DuMont ergreift juristische Mittel gegen Springer-Berichte über Familienzwist

Montag, 22. November 2010
Franz Sommerfeld (Foto) wendet sich in einem Brief an Mathias Döpfner
Franz Sommerfeld (Foto) wendet sich in einem Brief an Mathias Döpfner

Die Nerven liegen blank in Köln: Der Streit zwischen Verlegersohn Konstantin Neven DuMont und seinem Vater Alfred erreicht eine neue Dimension. Nun entwickelt sich der Generationen-Konflikt zu einem Disput zwischen dem Kölner Verlagshaus M. DuMont Schauberg (MDS) und dem Konkurrenten Axel Springer. Der Grund: MDS wertet die Berichterstattung der Kölner "Bild"-Ausgabe als eine Kampagne gegen den eigenen Boulevardtitel "Express". "Hier wird nicht nur eine interne Angelegenheit, über die unsere Zeitungen informiert haben, maßlos aufgebauscht. Es werden auch falsche und damit geschäftsschädigende Behauptungen aufgestellt", sagt Christian DuMont Schütte, Herausgeber des "Express", in der Wochenendausgabe des Titels.

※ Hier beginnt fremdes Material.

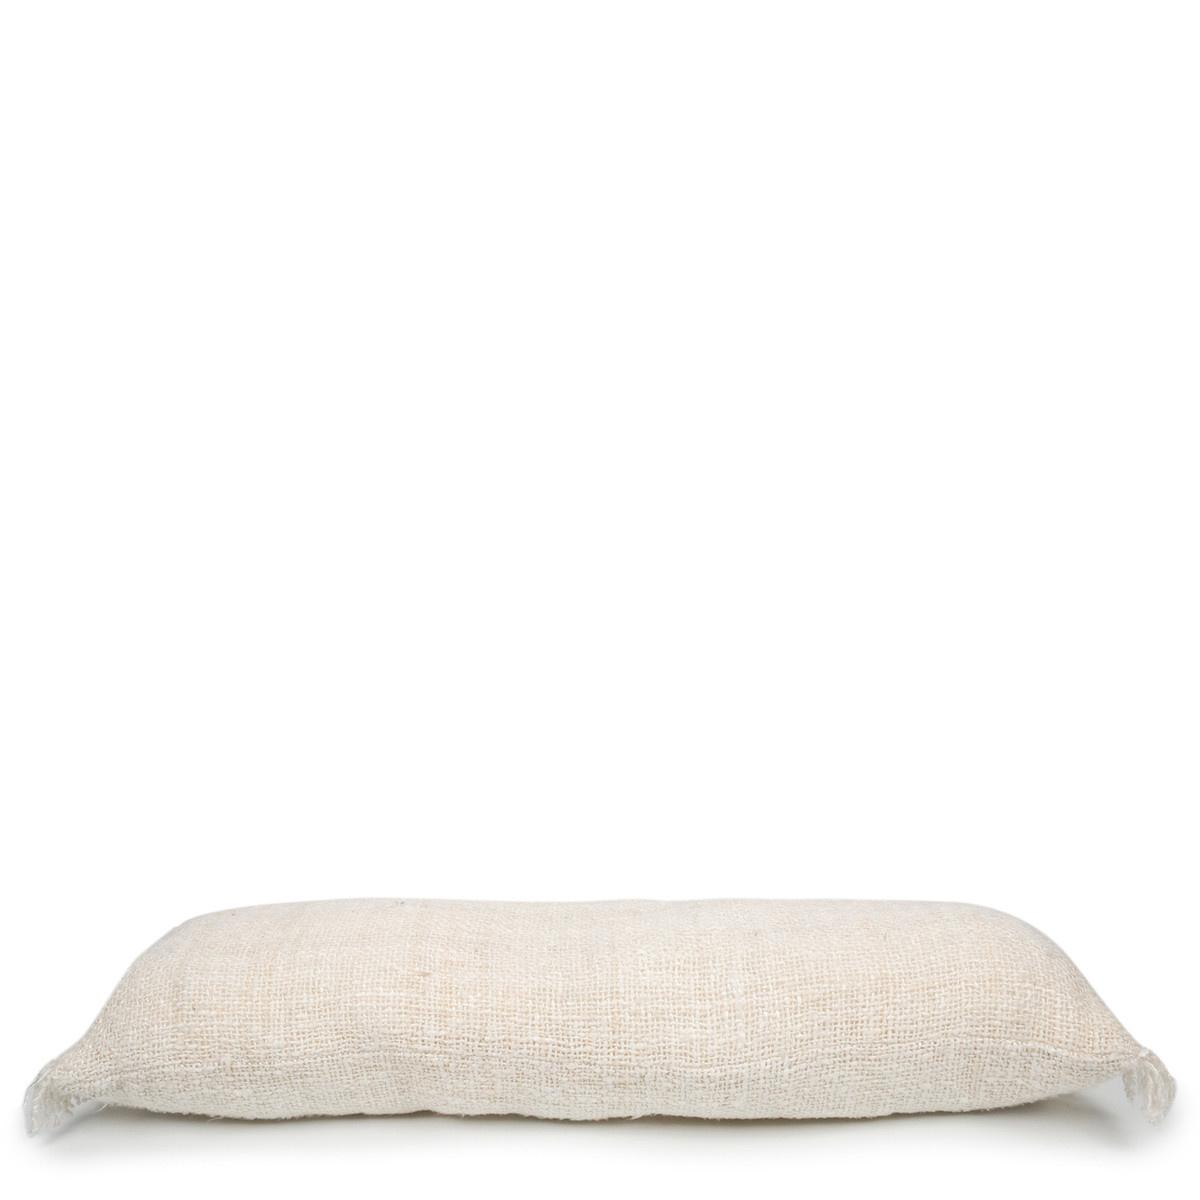 Petite Lily Interiors Cushion Boho - Cream - L100xW35cm

Gegen eine Formulierung in dem Springer-Titel "Welt" hat MDS nun auch juristische Schritte eingeleitet. Den Stein des Anstoßes liefert die Forumlierung der "Welt", die Auseinandersetzung "könnte in der gegenwärtigen Situation für das Verlagshaus zu einer ernsten Krise führen, für deren Bewältigung das Geld fehlt". Angesichts dieser Formulierung stellt MDS die Frage, "ob in dieser Kampagne sogar wirtschaftliche Interessen des Springer-Verlages eine Rolle spielen könnten".

DuMont-Vorstand Franz Sommerfeld hat sich bereits in einem persönlichen Brief an den Springer-Vorstandsvorsitzenden Mathias Döpfner gerichtet. Darin wirft er der "Bild" vor, die Tageszeitung bade sich in den Schwierigkeiten einer Familie, die sich um die deutsche Zeitungslandschaft verdient gemacht hat. Die Regeln menschlichen Anstands und journalistischer Wahrhaftigkeit würden in den Springer-Blättern zurzeit täglich verletzt.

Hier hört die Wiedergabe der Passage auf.